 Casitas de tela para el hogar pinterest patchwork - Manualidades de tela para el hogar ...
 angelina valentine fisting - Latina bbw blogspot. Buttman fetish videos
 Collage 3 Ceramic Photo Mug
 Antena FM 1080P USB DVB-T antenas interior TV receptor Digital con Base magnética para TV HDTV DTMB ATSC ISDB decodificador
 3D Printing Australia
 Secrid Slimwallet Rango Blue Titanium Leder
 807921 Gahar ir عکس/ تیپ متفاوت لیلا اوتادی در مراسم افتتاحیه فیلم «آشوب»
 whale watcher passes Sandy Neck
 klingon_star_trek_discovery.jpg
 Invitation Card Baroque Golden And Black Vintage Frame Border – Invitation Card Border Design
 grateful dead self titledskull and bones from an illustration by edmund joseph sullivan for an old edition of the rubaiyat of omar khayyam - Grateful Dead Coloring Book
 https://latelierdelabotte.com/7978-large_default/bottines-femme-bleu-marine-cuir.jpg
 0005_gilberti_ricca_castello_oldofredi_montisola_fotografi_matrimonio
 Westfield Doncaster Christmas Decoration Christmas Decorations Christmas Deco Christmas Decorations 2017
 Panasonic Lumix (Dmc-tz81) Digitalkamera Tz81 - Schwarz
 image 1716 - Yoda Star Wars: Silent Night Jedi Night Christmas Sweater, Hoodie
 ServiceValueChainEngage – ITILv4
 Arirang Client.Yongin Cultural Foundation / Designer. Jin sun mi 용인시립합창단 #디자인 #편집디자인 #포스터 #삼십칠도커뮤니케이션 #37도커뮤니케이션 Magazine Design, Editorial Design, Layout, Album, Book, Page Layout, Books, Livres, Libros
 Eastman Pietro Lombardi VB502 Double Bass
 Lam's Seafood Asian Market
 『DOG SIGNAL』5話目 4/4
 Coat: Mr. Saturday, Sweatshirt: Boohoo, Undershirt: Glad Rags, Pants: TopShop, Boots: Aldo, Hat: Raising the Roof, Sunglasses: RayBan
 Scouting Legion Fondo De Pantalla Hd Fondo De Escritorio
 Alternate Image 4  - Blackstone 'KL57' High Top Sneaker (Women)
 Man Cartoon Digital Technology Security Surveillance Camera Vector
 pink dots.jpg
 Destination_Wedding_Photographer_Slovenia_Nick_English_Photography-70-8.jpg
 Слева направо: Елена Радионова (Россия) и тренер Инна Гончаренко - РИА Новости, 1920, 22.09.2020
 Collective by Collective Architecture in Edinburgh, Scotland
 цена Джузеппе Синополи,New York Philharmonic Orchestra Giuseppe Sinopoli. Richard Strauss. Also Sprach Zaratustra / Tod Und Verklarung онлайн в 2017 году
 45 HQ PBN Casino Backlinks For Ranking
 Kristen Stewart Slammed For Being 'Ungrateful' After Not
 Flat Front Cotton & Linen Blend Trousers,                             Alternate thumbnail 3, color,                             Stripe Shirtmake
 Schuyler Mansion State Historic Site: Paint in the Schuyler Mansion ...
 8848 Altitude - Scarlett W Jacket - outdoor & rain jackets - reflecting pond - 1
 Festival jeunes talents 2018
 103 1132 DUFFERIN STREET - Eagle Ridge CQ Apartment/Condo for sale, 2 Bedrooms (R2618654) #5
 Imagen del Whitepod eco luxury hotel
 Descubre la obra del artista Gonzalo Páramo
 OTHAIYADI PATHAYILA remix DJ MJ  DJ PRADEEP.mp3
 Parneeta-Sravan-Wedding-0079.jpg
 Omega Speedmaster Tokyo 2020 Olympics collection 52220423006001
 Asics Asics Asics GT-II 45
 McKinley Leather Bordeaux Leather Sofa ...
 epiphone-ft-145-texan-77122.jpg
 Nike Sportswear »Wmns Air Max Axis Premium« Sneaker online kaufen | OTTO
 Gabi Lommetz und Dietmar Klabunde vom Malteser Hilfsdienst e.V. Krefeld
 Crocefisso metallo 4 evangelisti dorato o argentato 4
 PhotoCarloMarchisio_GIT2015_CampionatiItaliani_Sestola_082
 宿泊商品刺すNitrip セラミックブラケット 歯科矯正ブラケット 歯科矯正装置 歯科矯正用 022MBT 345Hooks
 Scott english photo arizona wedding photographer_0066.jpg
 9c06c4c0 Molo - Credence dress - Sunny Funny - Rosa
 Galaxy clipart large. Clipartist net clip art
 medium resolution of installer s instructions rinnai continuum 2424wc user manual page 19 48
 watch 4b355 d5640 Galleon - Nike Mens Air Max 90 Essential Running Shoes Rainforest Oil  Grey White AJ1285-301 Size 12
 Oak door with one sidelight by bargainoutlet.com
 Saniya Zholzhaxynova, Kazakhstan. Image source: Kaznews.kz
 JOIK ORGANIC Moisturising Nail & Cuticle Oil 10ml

YOUR ASSIGNMENT: For the string "Nike", show each line of the entries above where it occurs.

SOLUTION TO THE EXERCISE:
 Nike Sportswear »Wmns Air Max Axis Premium« Sneaker online kaufen | OTTO
 watch 4b355 d5640 Galleon - Nike Mens Air Max 90 Essential Running Shoes Rainforest Oil  Grey White AJ1285-301 Size 12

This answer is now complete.